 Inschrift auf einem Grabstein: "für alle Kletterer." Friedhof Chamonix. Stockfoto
==
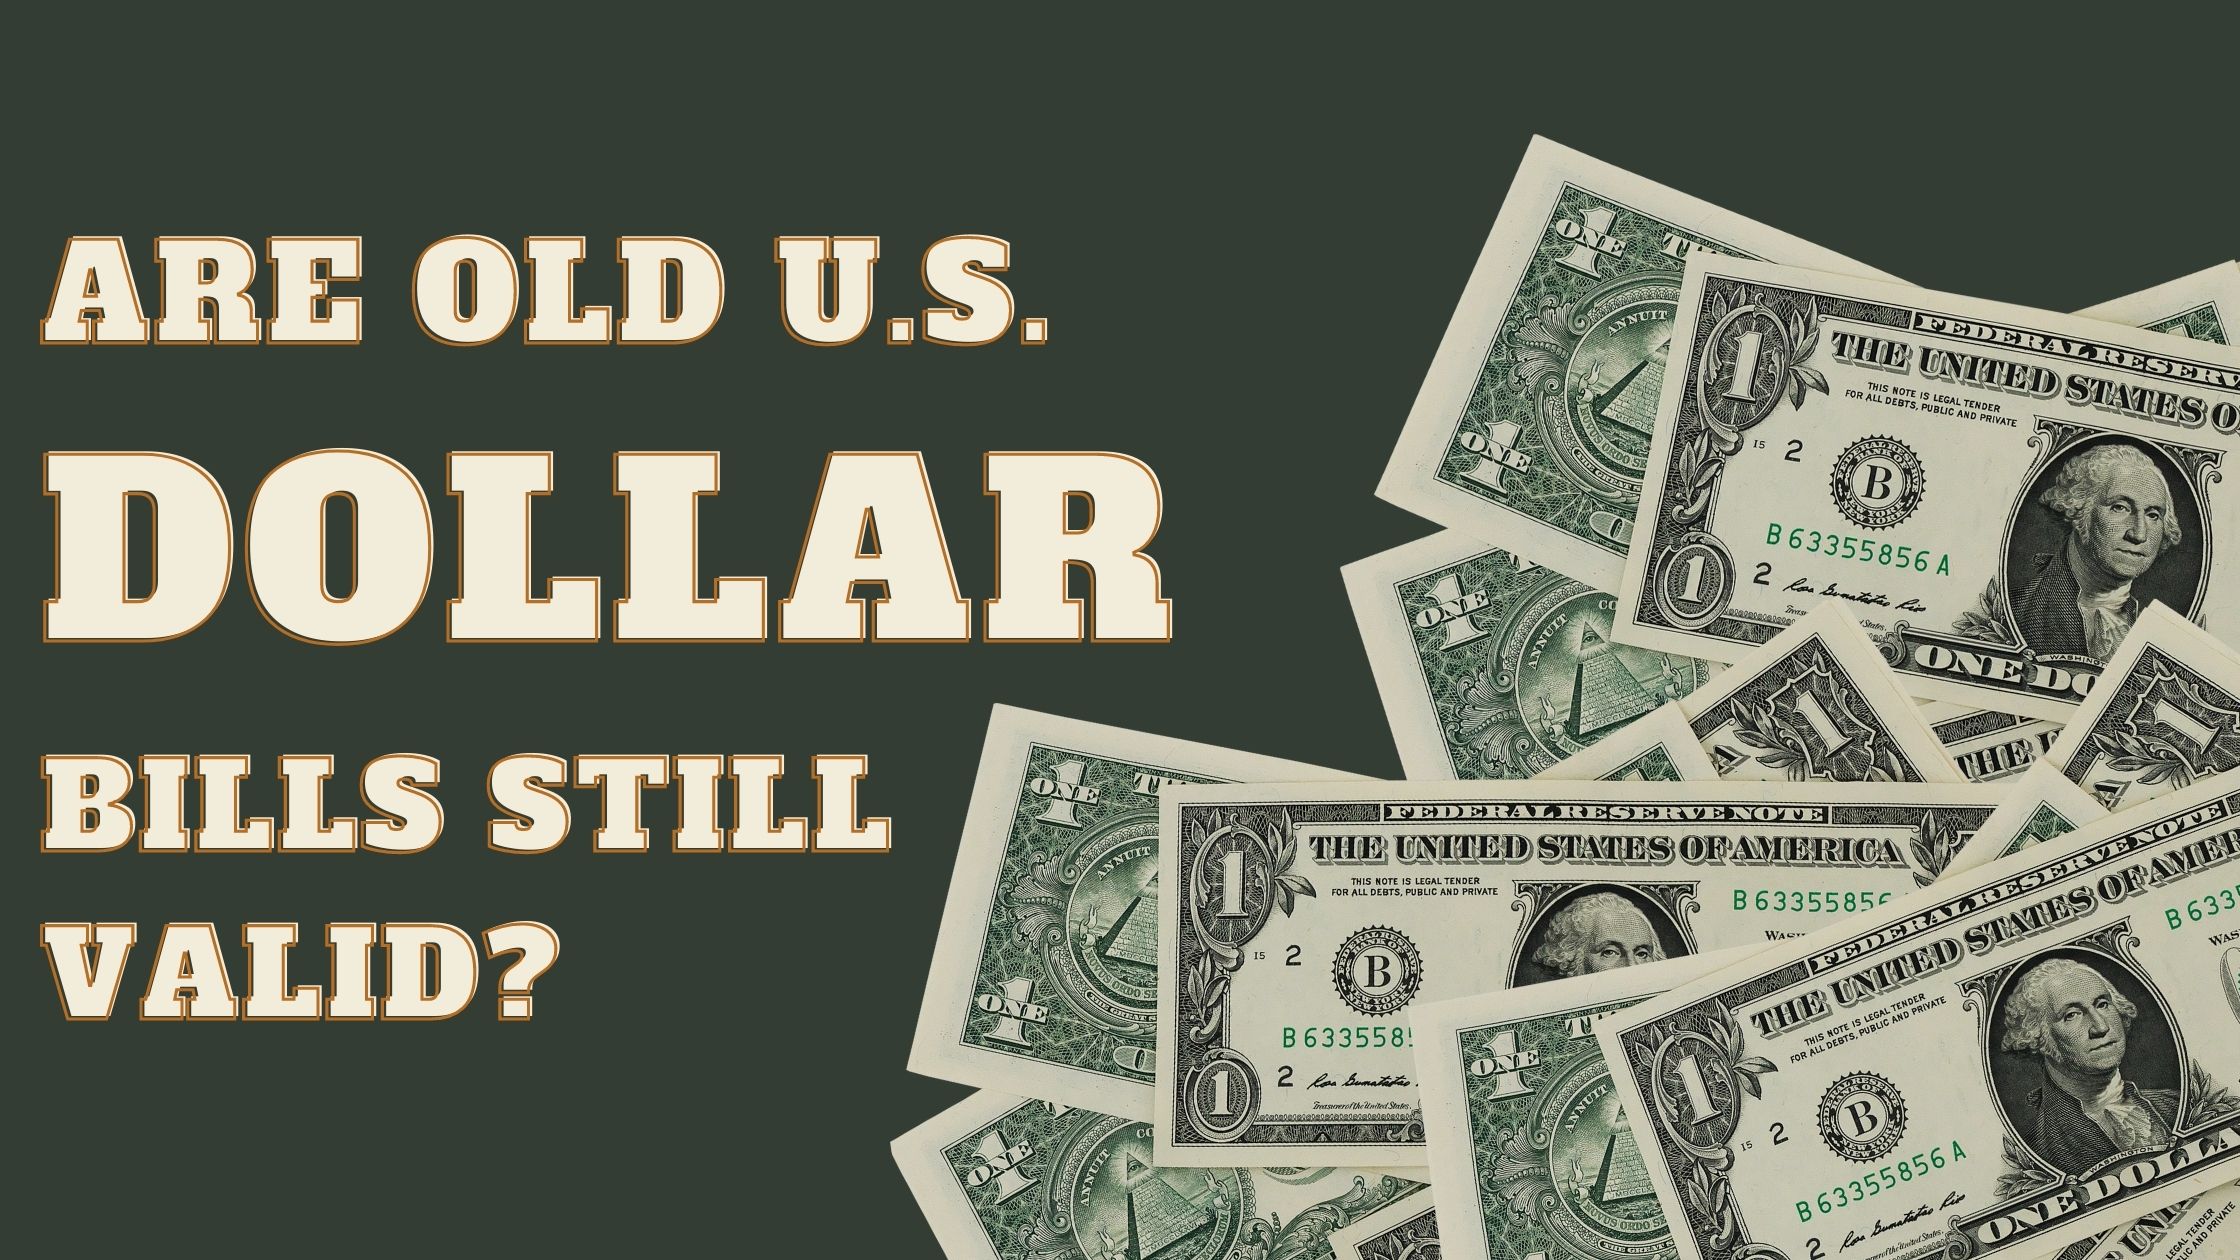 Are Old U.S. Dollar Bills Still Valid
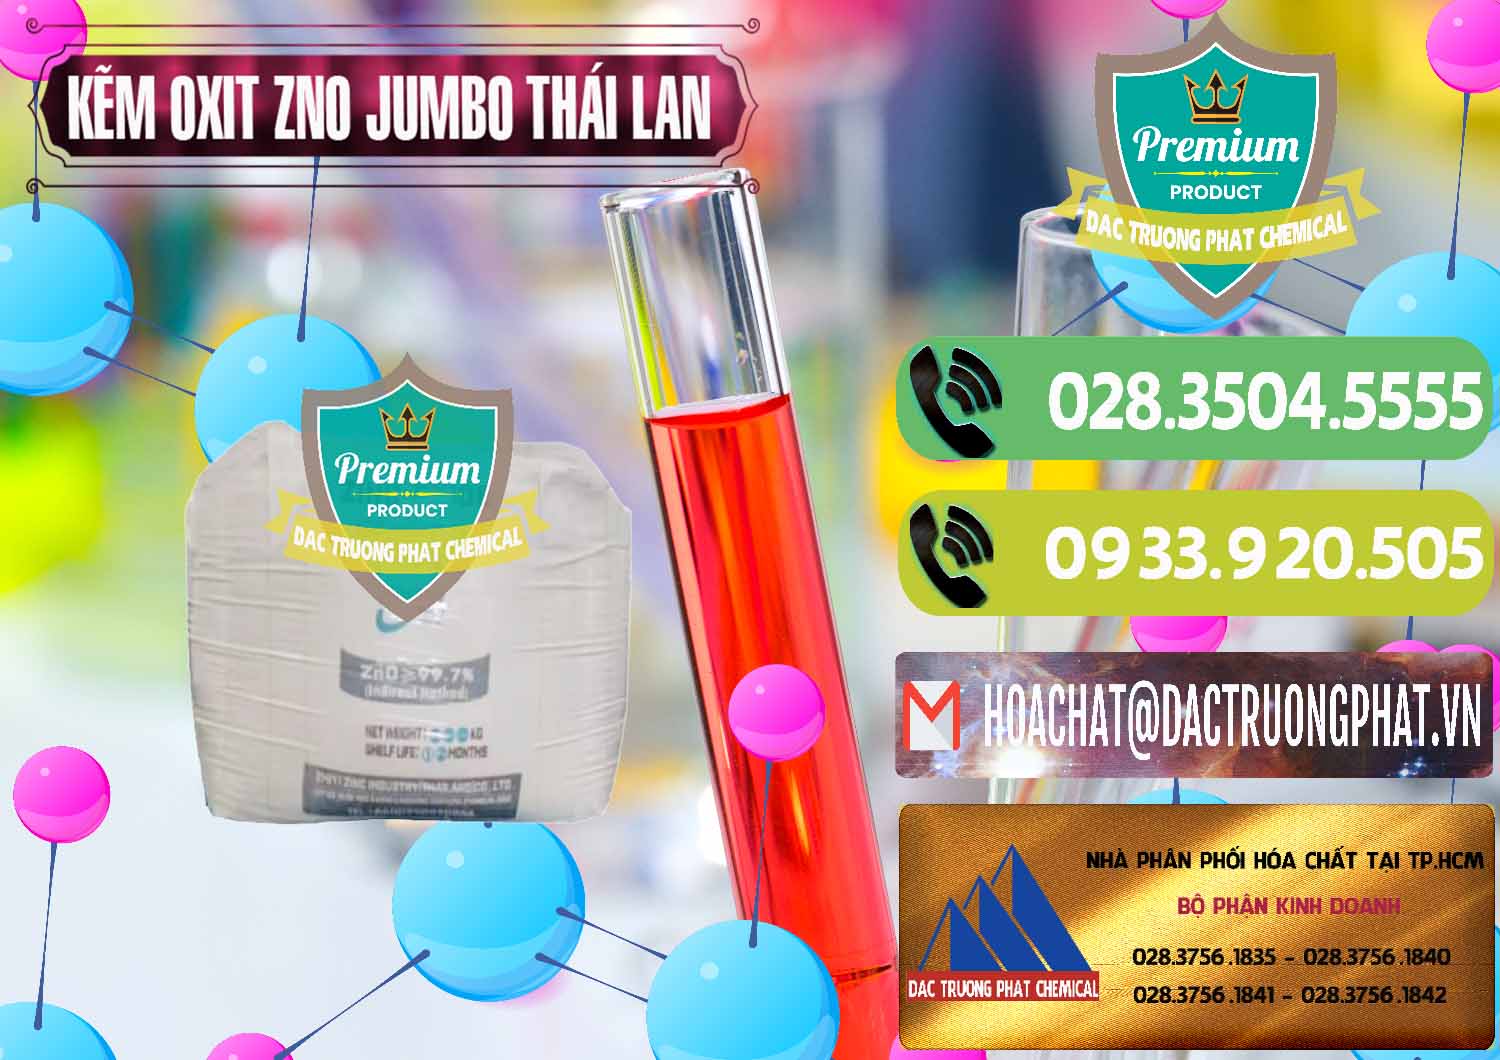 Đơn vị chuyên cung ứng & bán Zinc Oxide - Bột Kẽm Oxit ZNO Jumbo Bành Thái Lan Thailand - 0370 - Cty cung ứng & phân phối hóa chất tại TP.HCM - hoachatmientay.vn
--
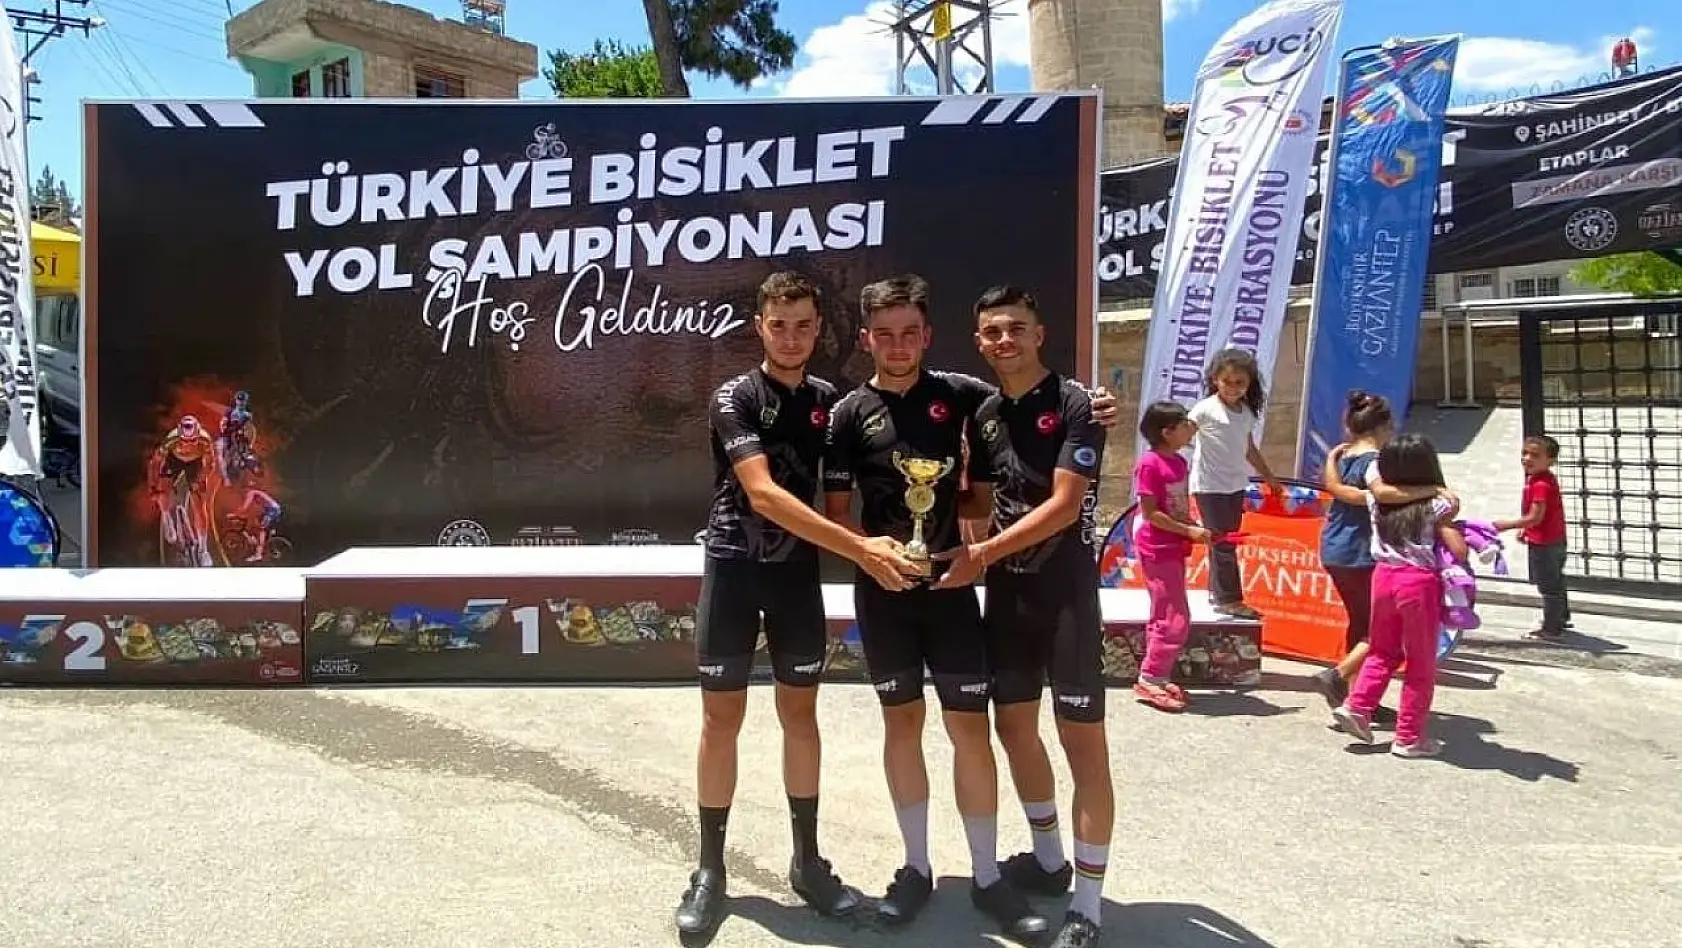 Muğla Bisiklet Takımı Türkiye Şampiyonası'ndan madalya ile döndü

» How to complete this task: Lines wanted from the entries above: the one with "Are Old U.S. Dollar Bills Still Valid", the one with "Đơn vị chuyên", and all lines between. Please copy them exactly, without the pictures and without anything else.

» Result for this exercise:
 Are Old U.S. Dollar Bills Still Valid
 Đơn vị chuyên cung ứng & bán Zinc Oxide - Bột Kẽm Oxit ZNO Jumbo Bành Thái Lan Thailand - 0370 - Cty cung ứng & phân phối hóa chất tại TP.HCM - hoachatmientay.vn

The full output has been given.